--- START ---

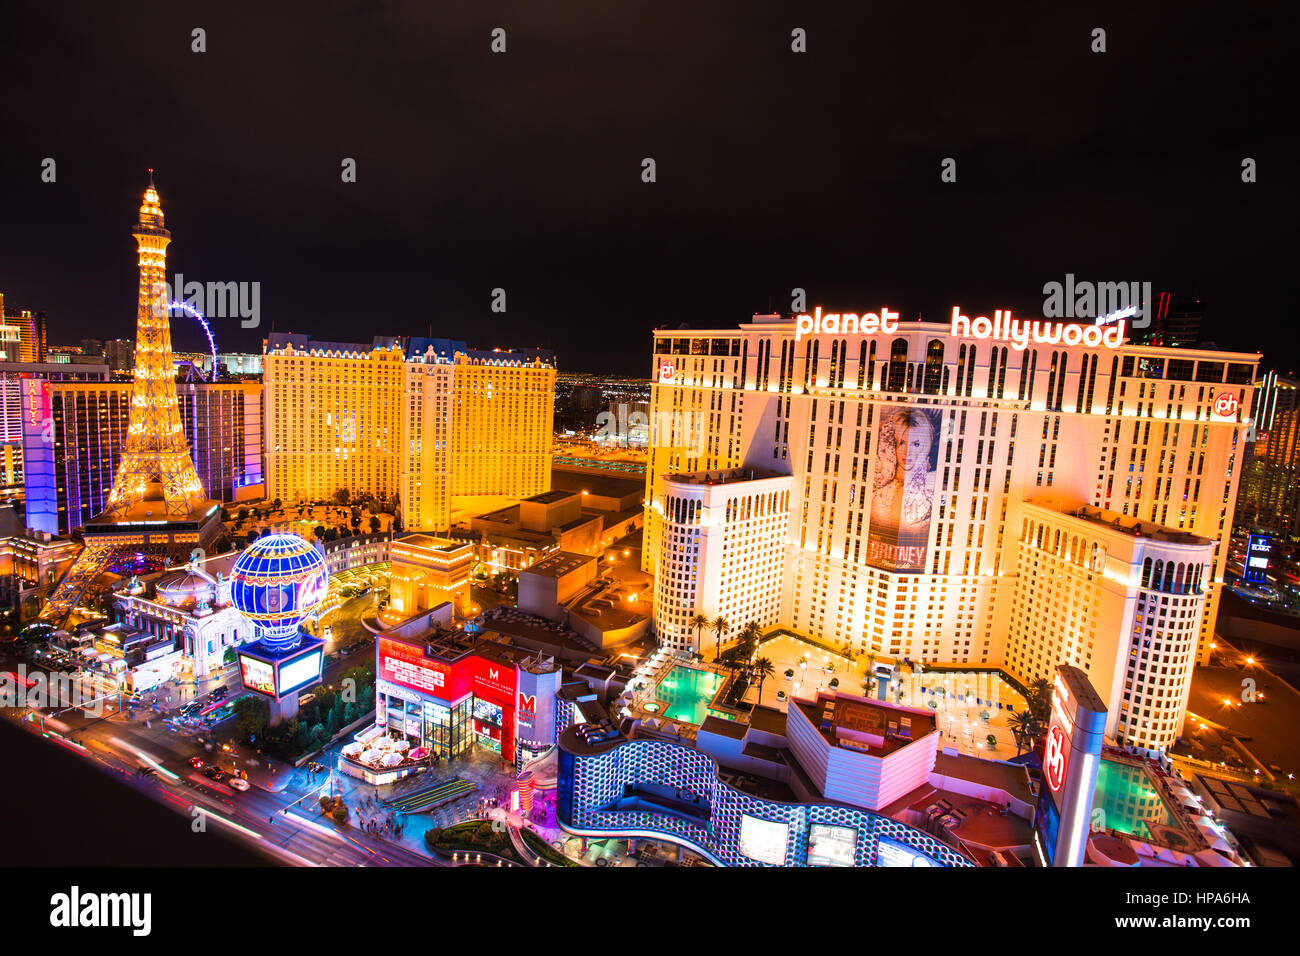 Come LAS VEGAS, NEVADA - 7 Maggio 2014: bella vista notturna della Strip di Las Vegas con colorati casinò resort illuminato. Foto Stock
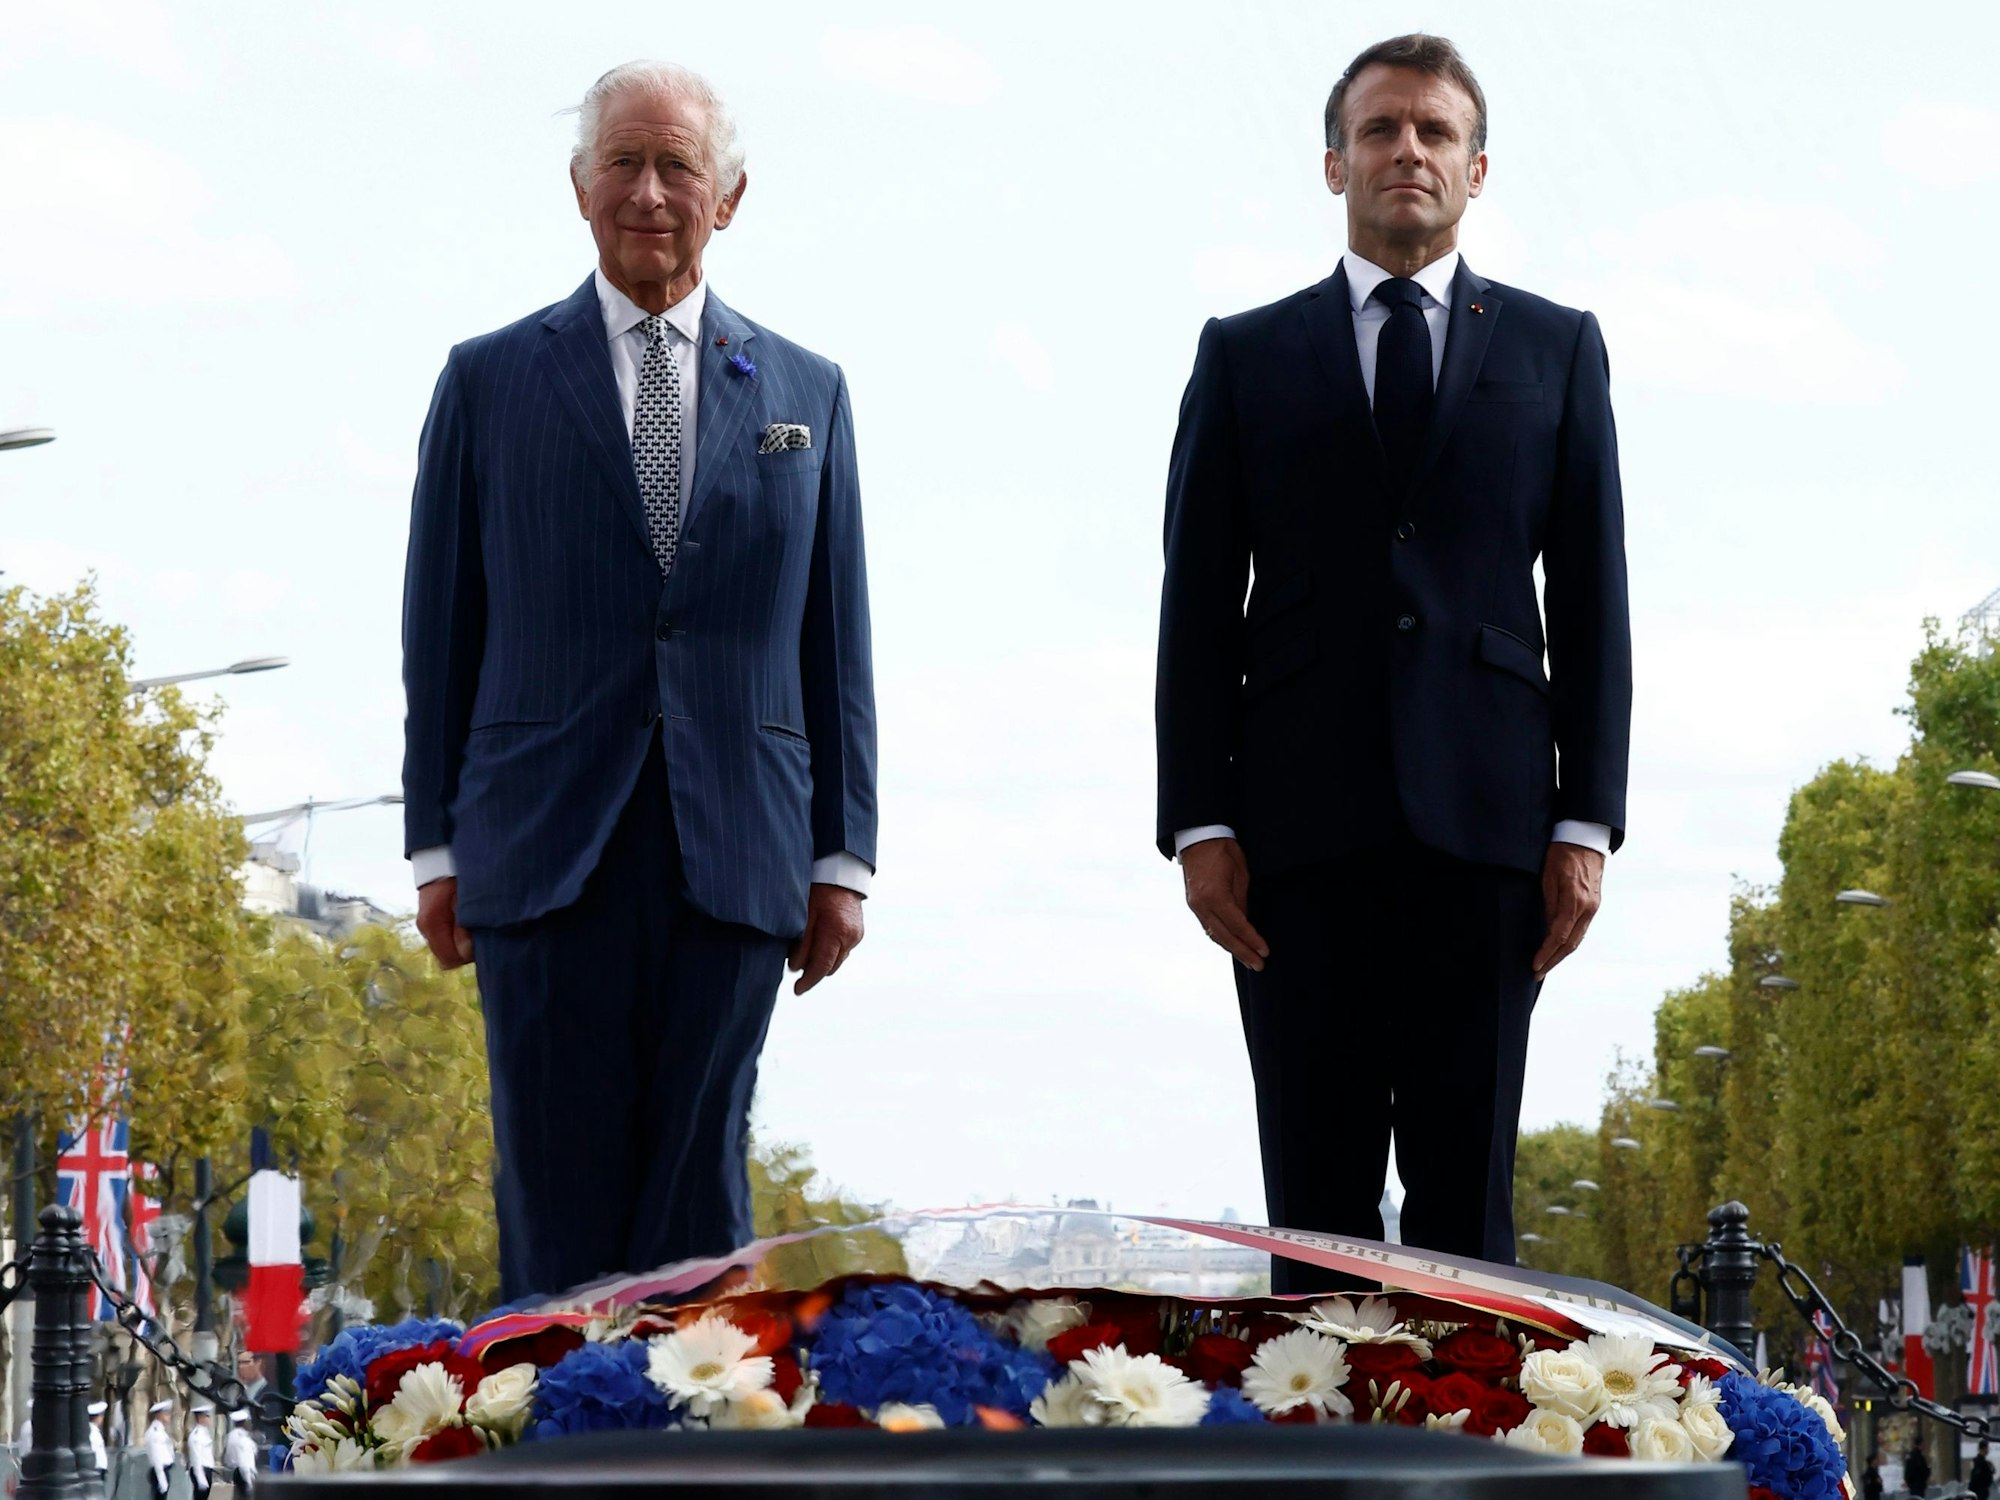 König Charles III. (l) von Großbritannien und Emmanuel Macron, Präsident von Frankreich, bei der feierlichen Begrüßung am Arc de Triomphe zu Beginn des Staatsbesuchs.
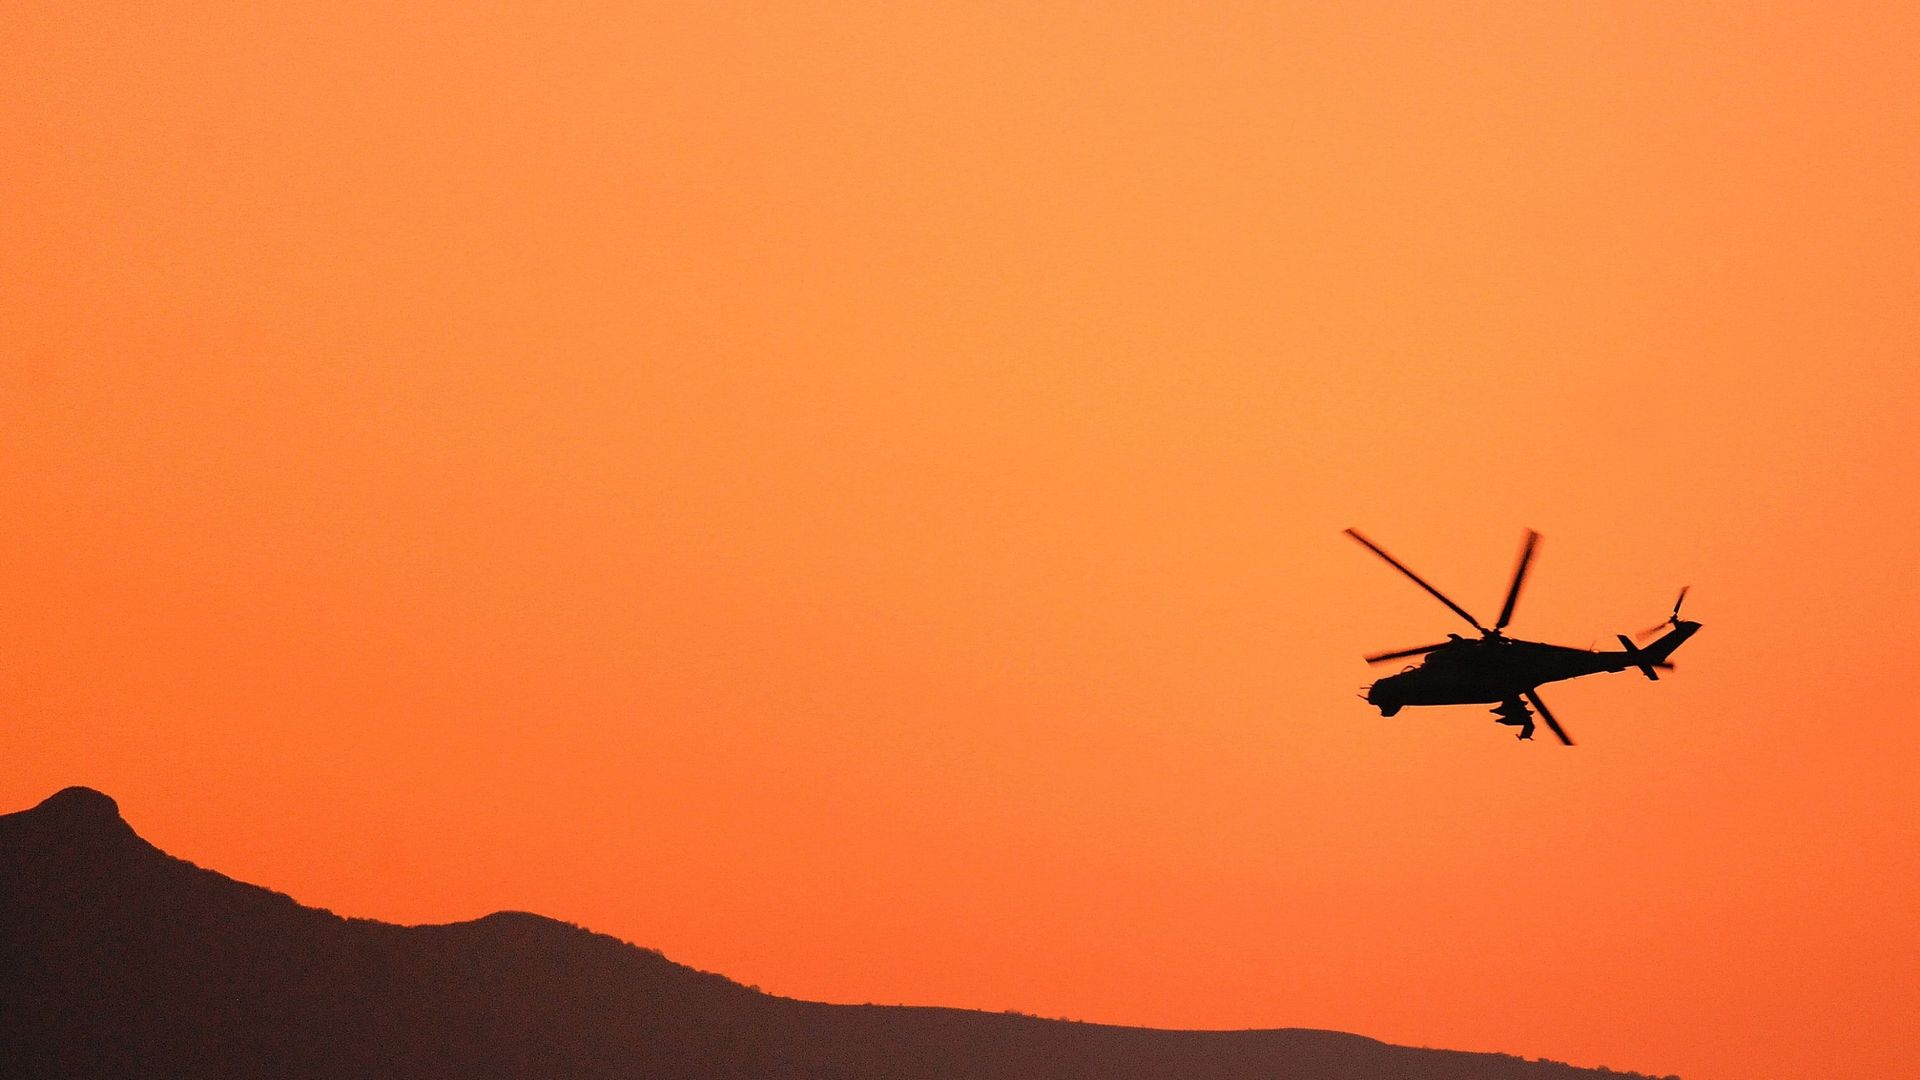 Spécialisé dans les hélicoptères de transport de très grande capacité, un entrepreneur belge est en détention préventive depuis 6 mois. La justice enquête sur ses activités liées au commerce de matériel militaire.

--- END ---

**EXERCISE**.
Would you set down the material exactly as it stands, without the pictures?

**RESPONSE**.
 Come LAS VEGAS, NEVADA - 7 Maggio 2014: bella vista notturna della Strip di Las Vegas con colorati casinò resort illuminato. Foto Stock
 König Charles III. (l) von Großbritannien und Emmanuel Macron, Präsident von Frankreich, bei der feierlichen Begrüßung am Arc de Triomphe zu Beginn des Staatsbesuchs.
 Spécialisé dans les hélicoptères de transport de très grande capacité, un entrepreneur belge est en détention préventive depuis 6 mois. La justice enquête sur ses activités liées au commerce de matériel militaire.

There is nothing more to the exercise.